Re: [PATCH GCC]Improve bound information in loop niter analysis

[Bin.Cheng]

On Mon, Aug 17, 2015 at 6:49 PM, Ajit Kumar Agarwal
<ajit.kumar.agarwal@xilinx.com> wrote:
> All:
>
> Does the Logic to calculate the Loop bound information through Value Range Analyis uses the post dominator and
> Dominator info.
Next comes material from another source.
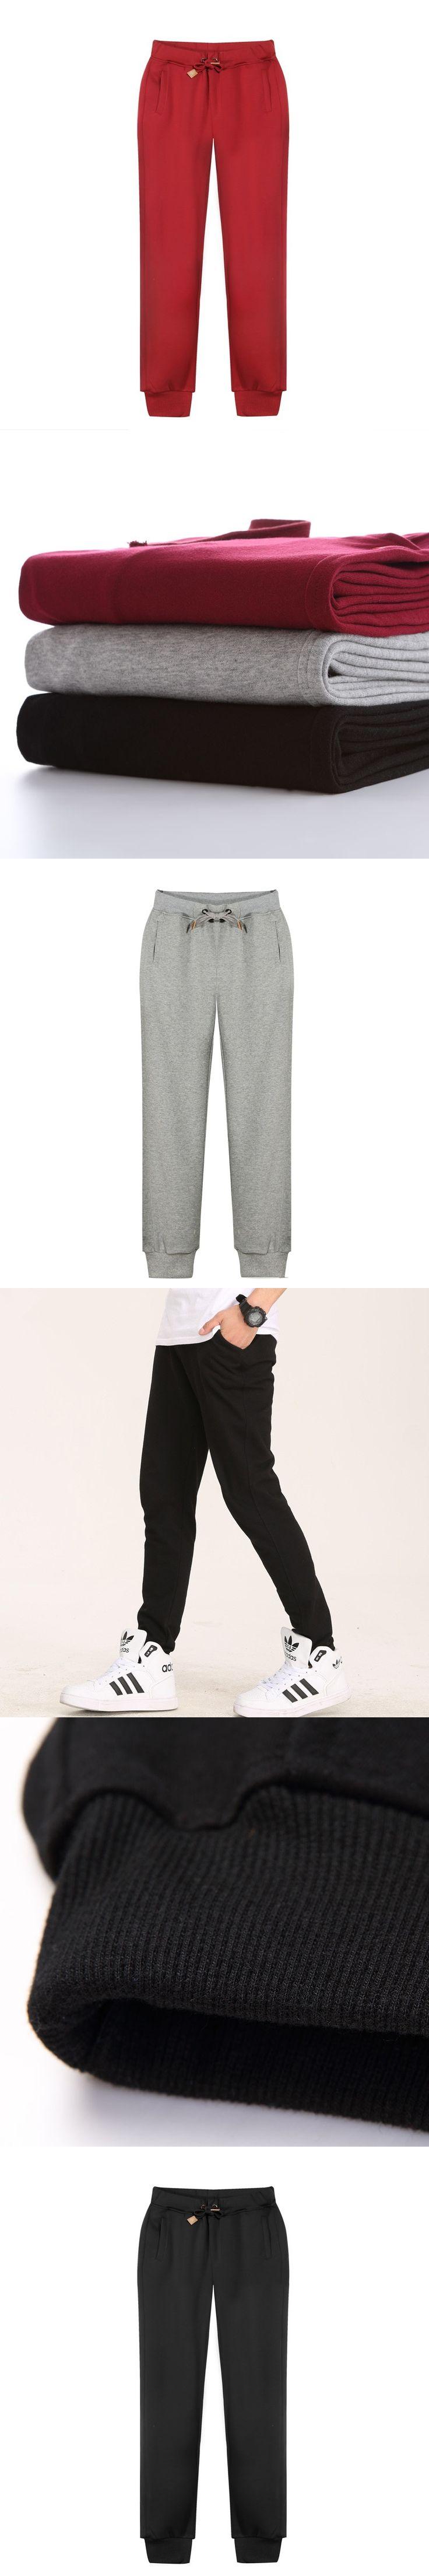 Mens Joggers 2017 Brand Male Trousers Men Pants Casual Sweatpants Jogger Black XXXL homme skinny trousers Workout Pants for Men

The iteration branches instead of Loop exit condition can be calculated through post dominator info.
> If the node in the Loop has two successors and post dominates the two successors then the iteration branch can be
> The same node.
>
> For All the nodes L in the Loop B
> If (L1, L2  belongs to successors of (L) && L1,L2 belongs to PosDom(Header of Loop))
> {
>   I = I union L1
> }
>
> Thus "I" will have all set of iteration branches. This will handle more cases of Loop bound information that
> Will be accurate through the exact iteration count that are known cases along with Value Range Information
> Where the condition is instead not the Loop exits but other nodes in the Loop.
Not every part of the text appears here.